Secondly, the vertical lines were created in the for loop for visualization’s sake. They are meant to demonstrate where intervals of $Ts$ occur. These intervals represent where this signal will be sampled by the receiver. Observe that for intervals of $Ts$ the curve has the value of exactly 1.0 or -1.0, making them the ideal points in time to sample.

If we were to upconvert and transmit this signal, the receiver would have to determine when the boundaries of $Ts$ are e.g., using a symbol synchronization algorithm. That way the receiver knows exactly when to sample to get the right data. If the receiver samples a little too early or late, it will see values that are slightly skewed due to ISI, and if it’s way off then it will get a bunch of weird numbers.

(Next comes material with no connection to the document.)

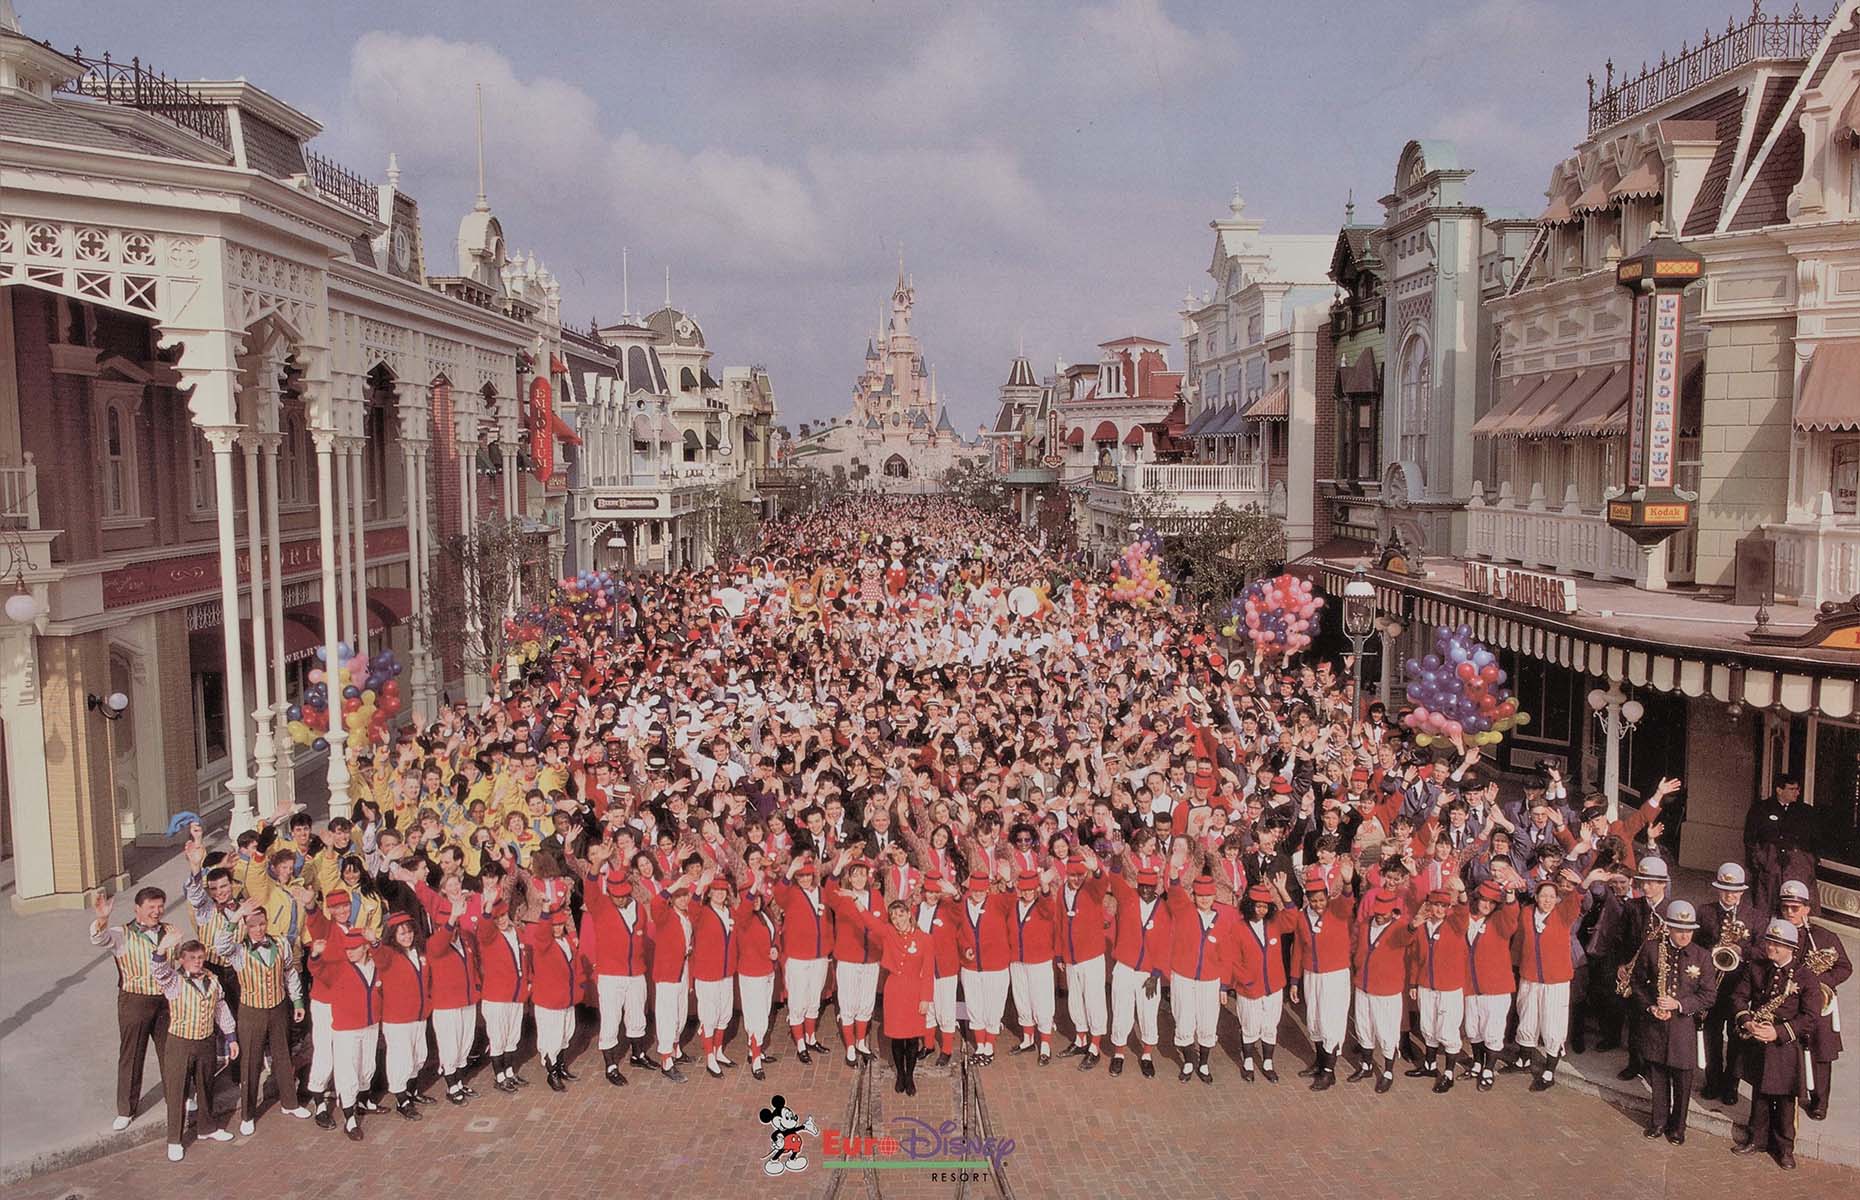 Disneyland Paris opening day (Image: Courtesy of Lauren Jarvis)
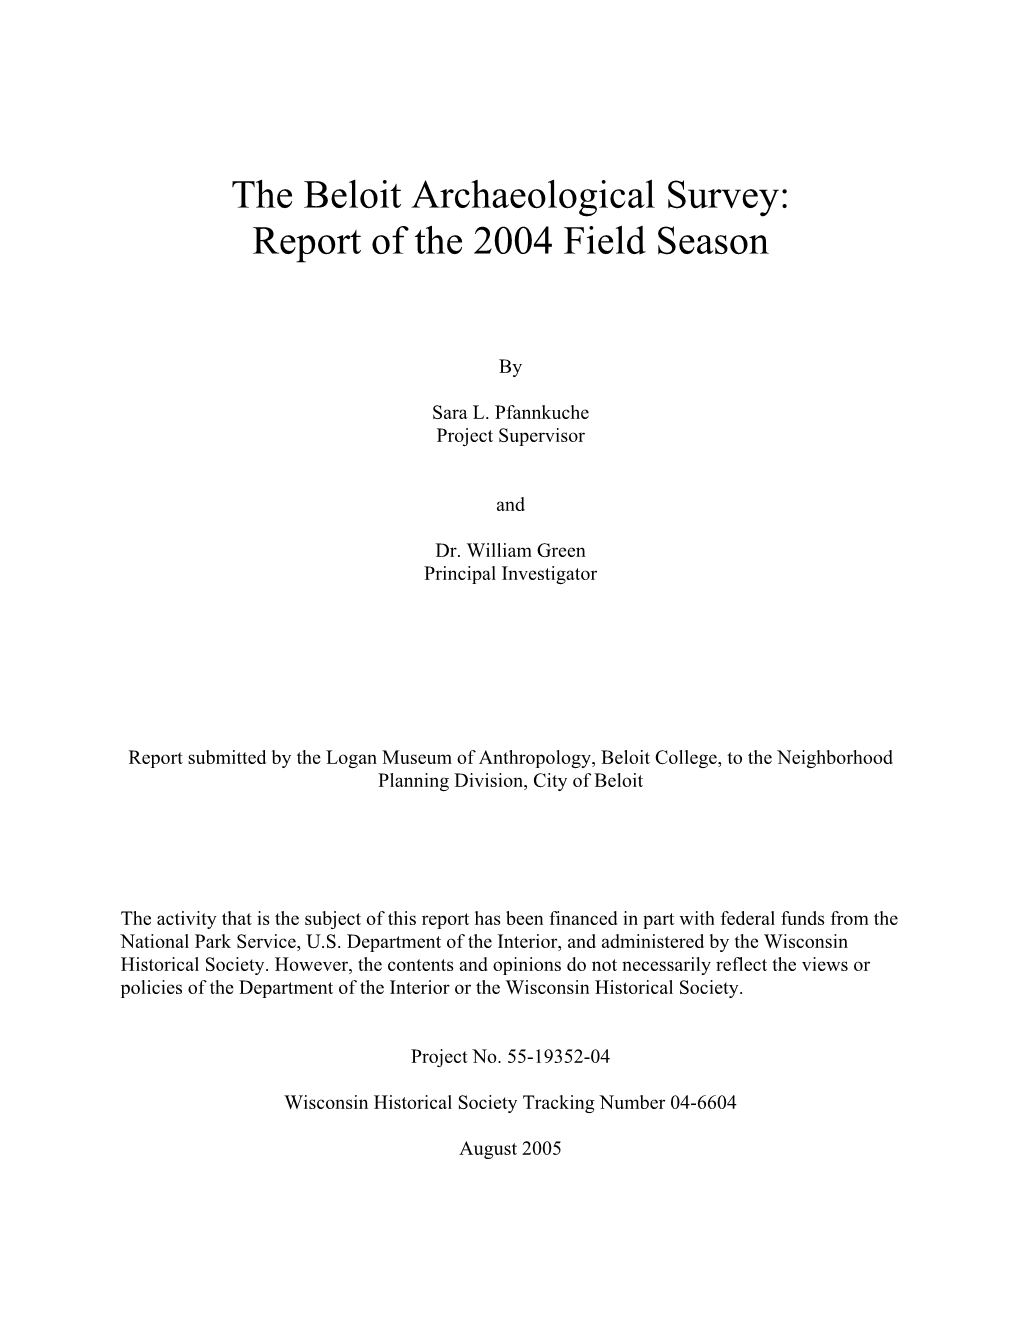 The Beloit Archaeological Survey: Report of the 2004 Field Season

Here is an example, created using GNU Radio, that illustrates what the IQ plot (a.k.a. constellation) looks like when we sample at the right and wrong times. The original pulses have their bit values annotated.

The below graph represents the ideal position in time to sample, along with the IQ plot:

GNU Radio simulation showing perfect sampling as far as timing

Compare that to the worst time to sample. Notice the three clusters in the constellation. We are sampling directly in between each symbol; our samples are going to be way off.

GNU Radio simulation showing imperfect sampling as far as timing

Here is another example of a poor sample time, somewhere in between our ideal and worst cases. Heed the four clusters. With a high SNR we might be able to get away with this sampling time interval, though it isn’t advisable.

Remember that our Q values are not shown on the time domain plot because they are roughly zero, allowing the IQ plots to spread horizontally only.